Consciously or unconsciously we all think of our hometown. That’s what brings us back to family reunions, that’s what gets us to move back to places, that’s what we compare things to when we are considering a move to somewhere new.
Recently some friends of mine that I knew in Portland 20 years ago moved back to Portland, after spending many years in Davidson, NC. They liked that place, but they never considered it “home”. Neither are from Portland originally, but they considered it home all the time they were “away” and always thought about moving back there. Now that they are ensconced there, they are thinking about how they will live out their retirement there.

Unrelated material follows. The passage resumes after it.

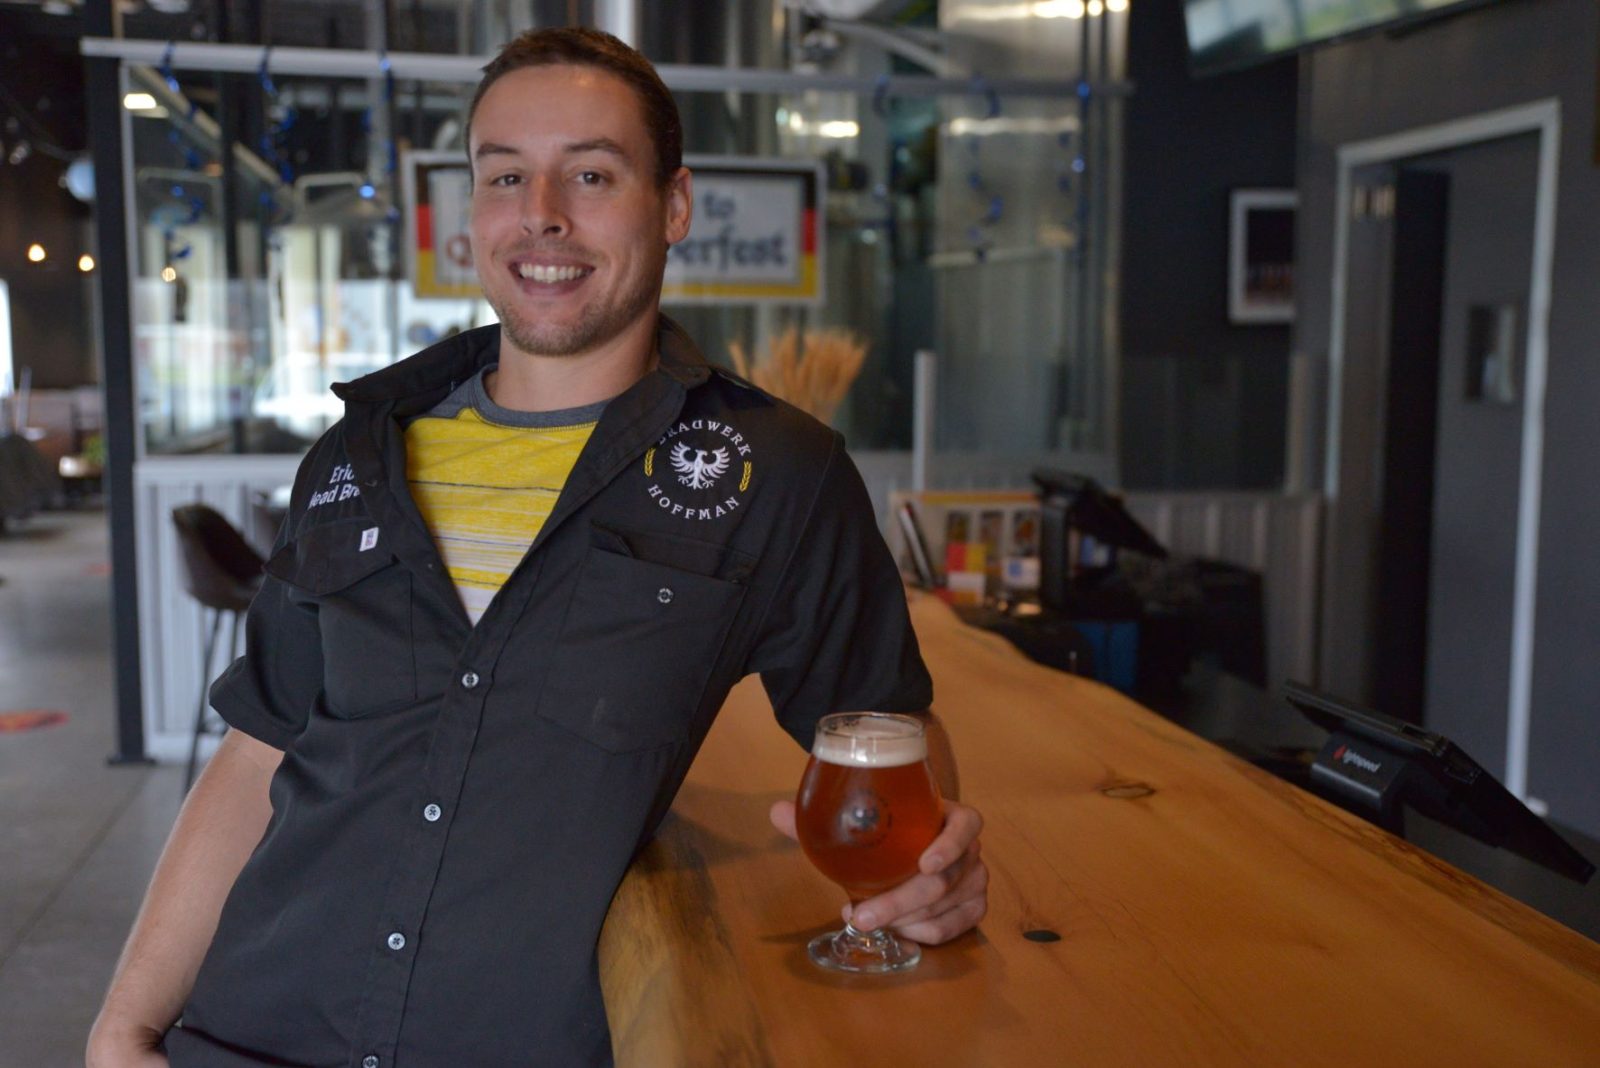 Hopping Happy: Rockland Brewery Wins Business Award
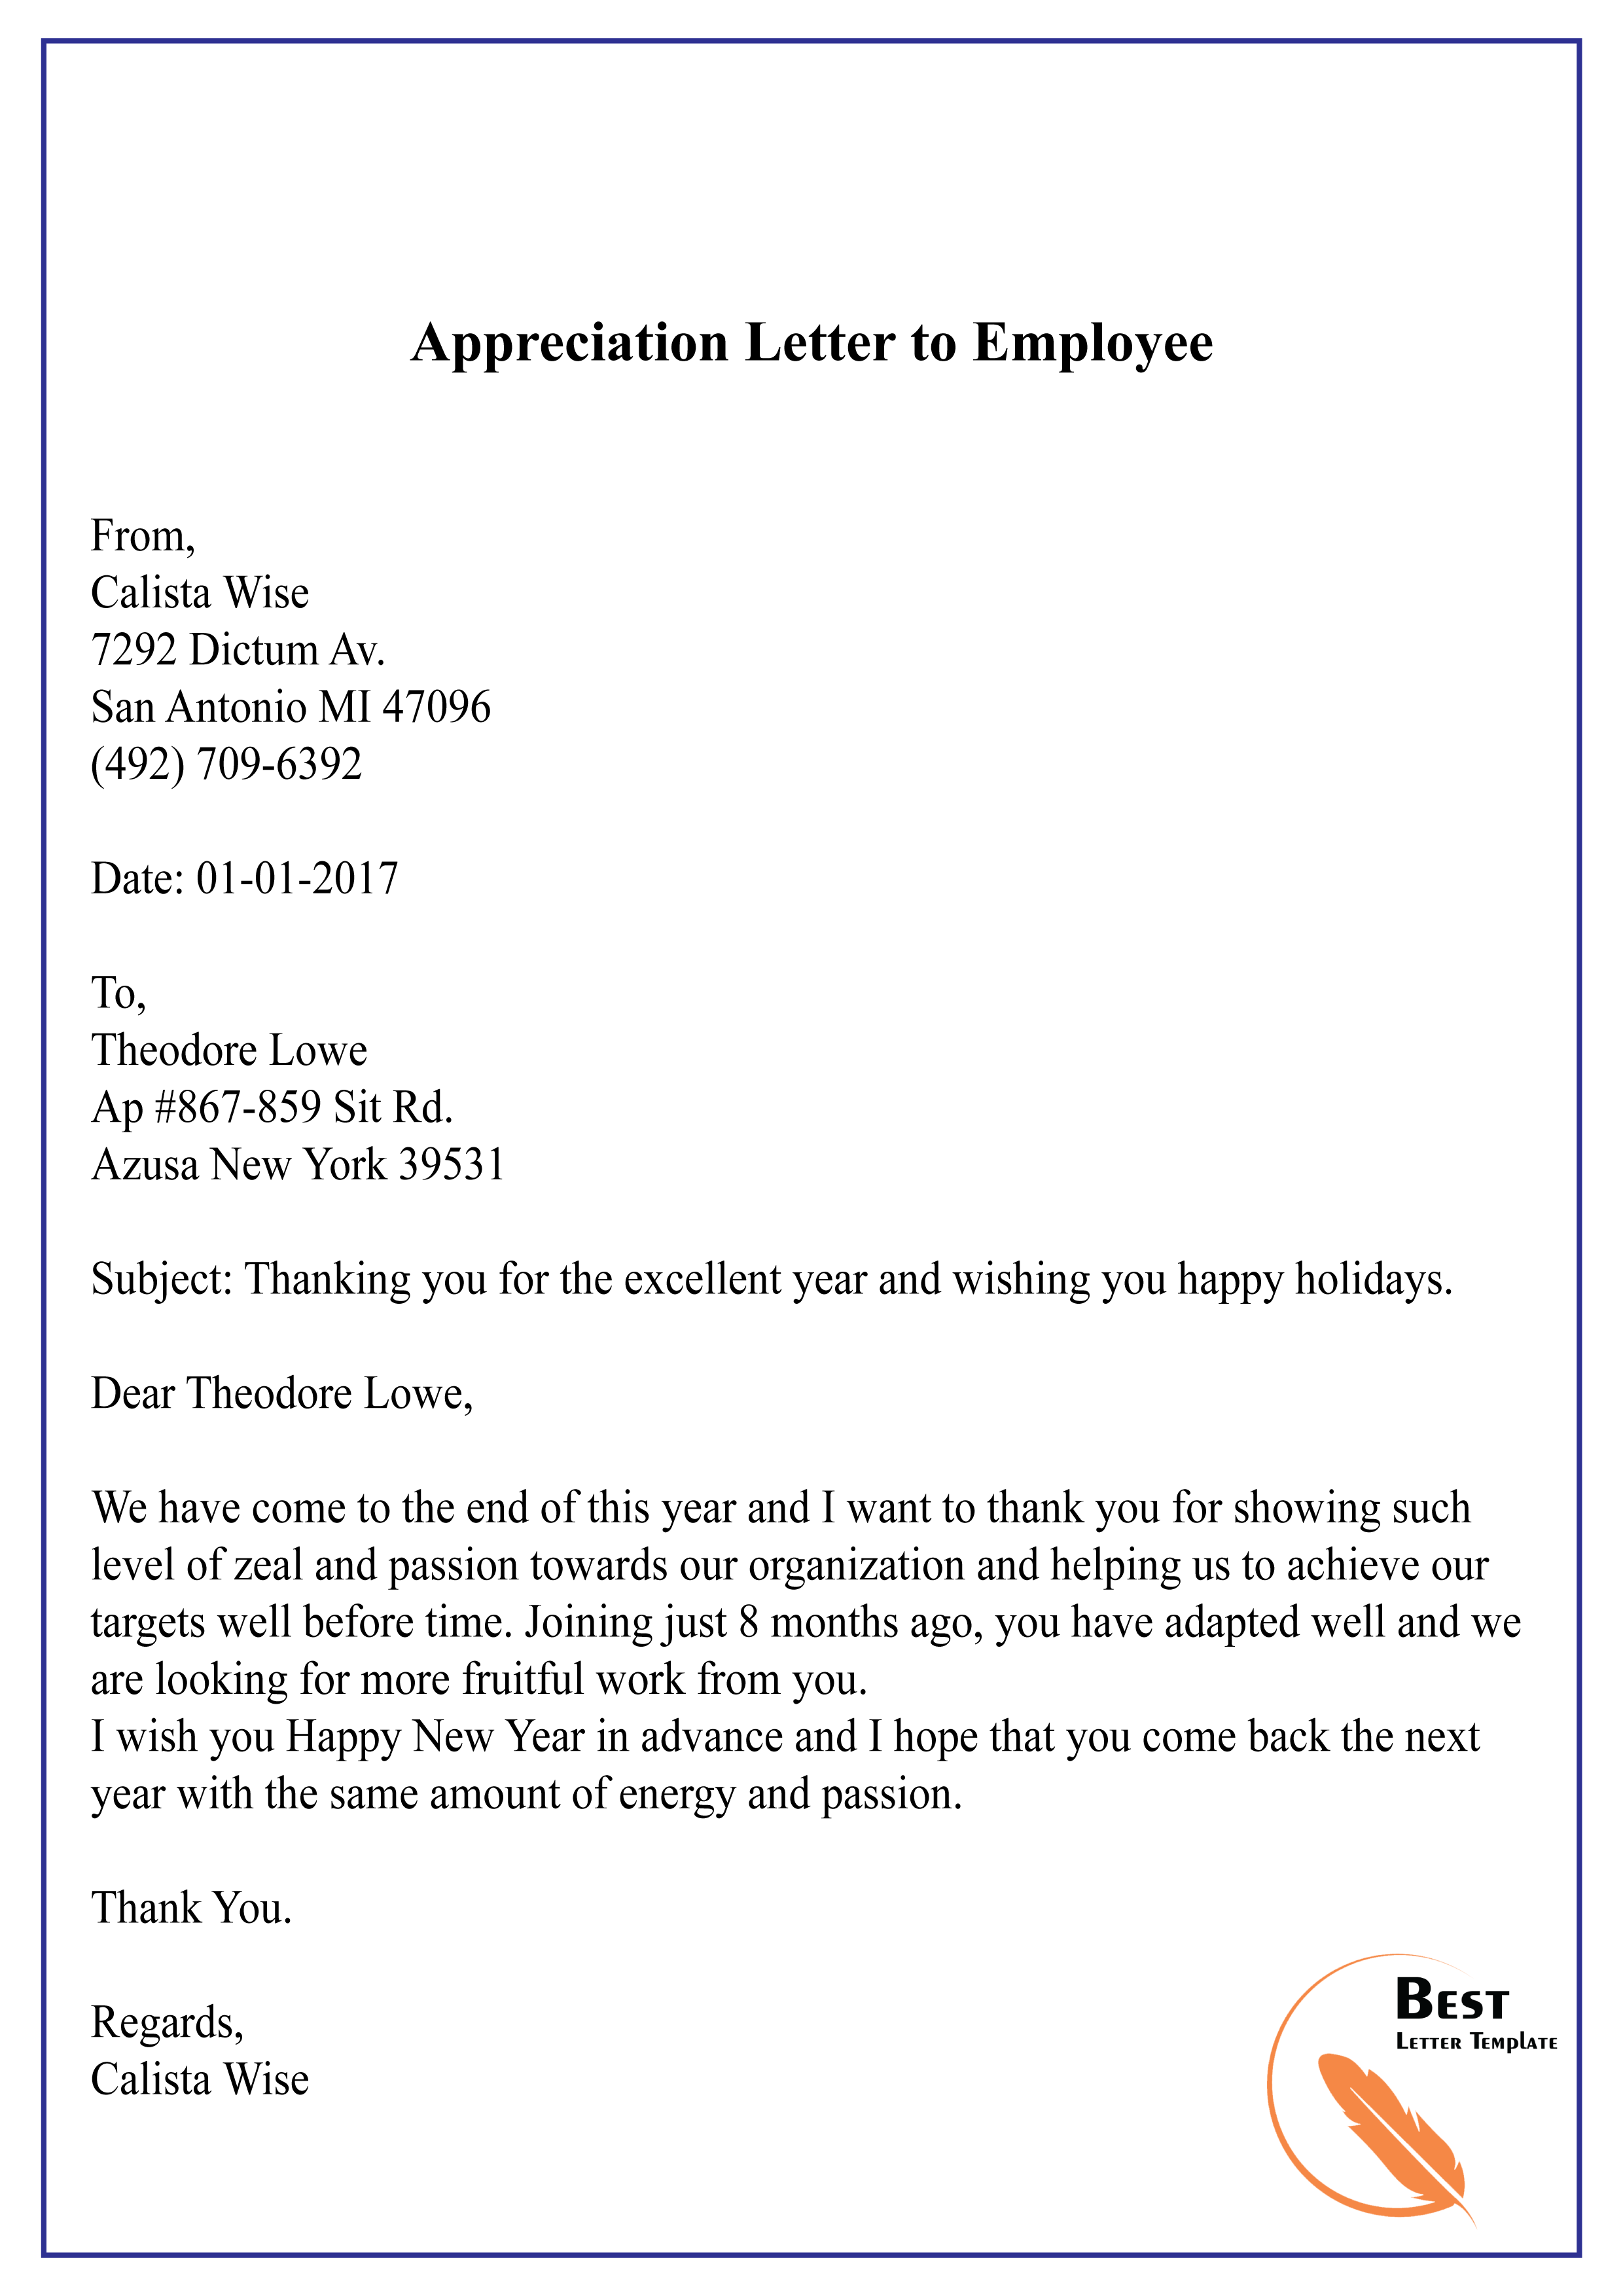 employee-welcome-letter

In short, they are thinking of themselves as permanent, and they are very much tied to the place again emotionally and in their day-to-day activities.
When I asked a friend of mine about how to deal with retail gentrification in Los Angeles, he answered, very quickly and very simply, “we just need to create more good places”. The same is true of hometowns. A lot of these old factory and resource towns do not have a future, while a lot of the growth centers, places like Houston and Phoenix and Silicon Valley have no real community or sense of place. It is almost a hopeless task to find a new economic place for those withering old towns. It is possible, however, to make the growth places better places to live, so that they become new hometowns, the same way Portland did for my friends.
sagecat22 says
There are towns like this all over not the country, though they may be more numerous in the midwest Rust Belt. There have been towns mentioned on the national news recently in the south and west, newsworthy due to their being for sale. More like ghost towns, these small communities are down to virtually no residents, but apparently their owners think they have some worth.
As in evolutionary biology, which has discovered that adaptations often occurred very rapidly in response to relatively sudden change (and when they didn’t among some life forms, they disappeared) cultural evolution may be experiencing the same phenomenon. Significant global changes are not going to quietly respect the desire of Americans to live as we did, or think we did, in the 1950’s – 60’s. The very small window of time for the sort of economic growth and community development of post WWII America should have been a hint of its artificiality. We are in a very different place now, towards which we have been heading for decades, but seem to prefer not to acknowledge that fact.